Distance Queries
| Time Limit: 2000MS | Memory Limit: 30000K | |
| Total Submissions: 10142 | Accepted: 3575 | |
| Case Time Limit: 1000MS | ||
Description
Farmer John‘s cows refused to run in his marathon since he chose a path much too long for their leisurely lifestyle. He therefore wants to find a path of a more reasonable length. The input to this problem consists of the same
input as in "Navigation Nightmare",followed by a line containing a single integer K, followed by K "distance queries". Each distance query is a line of input containing two integers, giving the numbers of two farms between which FJ is interested in computing
distance (measured in the length of the roads along the path between the two farms). Please answer FJ‘s distance queries as quickly as possible!
Input
* Lines 1..1+M: Same format as "Navigation Nightmare"
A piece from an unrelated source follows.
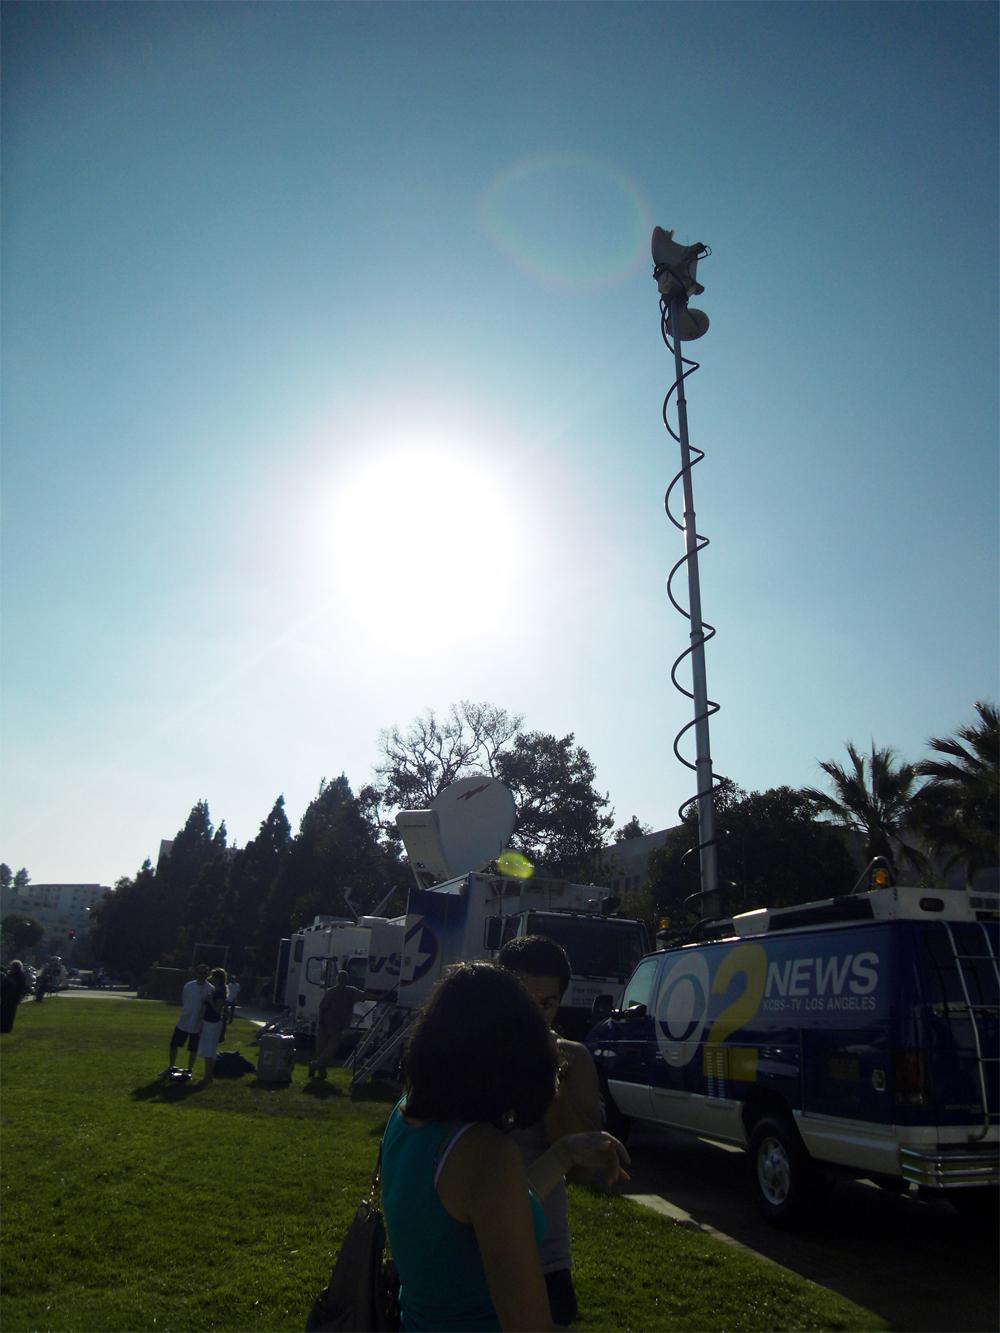 Media vans converge at UCLA
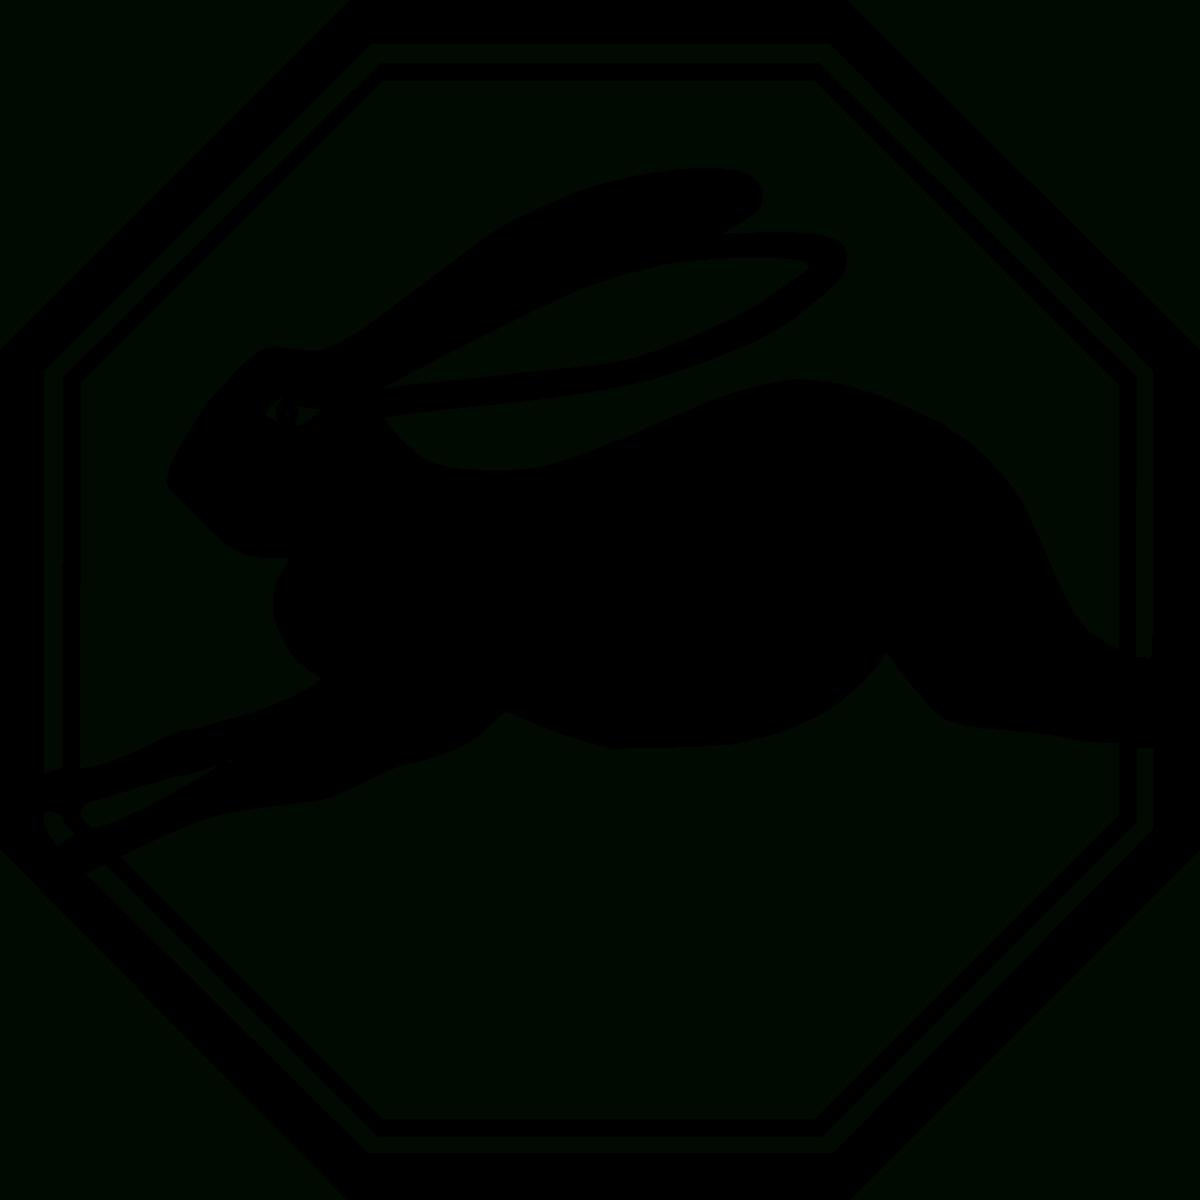 Rabbit (Zodiac) - Wikipedia pertaining to Zodiac For Birth Year 1951

* Line 2+M: A single integer, K. 1 <= K <= 10,000
* Lines 3+M..2+M+K: Each line corresponds to a distance query and contains the indices of two farms.
Output
* Lines 1..K: For each distance query, output on a single line an integer giving the appropriate distance.
Sample Input
7 6 1 6 13 E 6 3 9 E 3 5 7 S 4 1 3 N 2 4 20 W 4 7 2 S 3 1 6 1 4 2 6
Sample Output
13 3 36
Hint
Farms 2 and 6 are 20+3+13=36 apart.
Source
求树上两个点最近距离
ac代码
#include<stdio.h>
#include<stdlib.h>
#include<string.h>
struct s
{
int u,v,w,next;
}edge[100100];
struct que
{
int u,v,num,next;
}q[100010];
int head1[100100],head2[100010],cnt1,cnt2,dis[100100],pre[100100],n,m,qq,vis[100100],ans[100100 ];
int find(int x)
{
if(x==pre[x])
return x;
return find(pre[x]);
}
void init()
{
memset(head1,-1,sizeof(head1));
memset(head2,-1,sizeof(head2));
memset(dis,0,sizeof(dis));
memset(vis,0,sizeof(vis));
cnt1=cnt2=0;
}
void add1(int u,int v,int w)
{
edge[cnt1].u=u;
edge[cnt1].v=v;
edge[cnt1].w=w;
edge[cnt1].next=head1[u];
head1[u]=cnt1++;
}
void add2(int u,int v,int i)
{
q[cnt2].u=u;
q[cnt2].v=v;
q[cnt2].num=i;
q[cnt2].next=head2[u];
head2[u]=cnt2++;
}
void tarjan(int u,int len)
{
int i,v;
pre[u]=u;
dis[u]=len;
vis[u]=1;
for(i=head2[u];i!=-1;i=q[i].next)
{
if(vis[q[i].v])
ans[q[i].num]=dis[u]+dis[q[i].v]-2*dis[find(q[i].v)];
}
for(i=head1[u];i!=-1;i=edge[i].next)
{
v=edge[i].v;
if(!vis[v])
{
tarjan(v,len+edge[i].w);
pre[v]=u;
}
}
}
int main()
{
while(scanf("%d%d",&n,&m)!=EOF)
{
init();
while(m--)
{
int a,b,c;
char str[2];
scanf("%d%d%d%s",&a,&b,&c,str);
add1(a,b,c);
add1(b,a,c);
}
scanf("%d",&qq);
int i;
for(i=1;i<=qq;i++)
{
int a,b;
scanf("%d%d",&a,&b);
add2(a,b,i);
add2(b,a,i);
}
tarjan(1,0);
// int i;
for(i=1;i<=qq;i++)
{
printf("%d\n",ans[i]);
}
}
}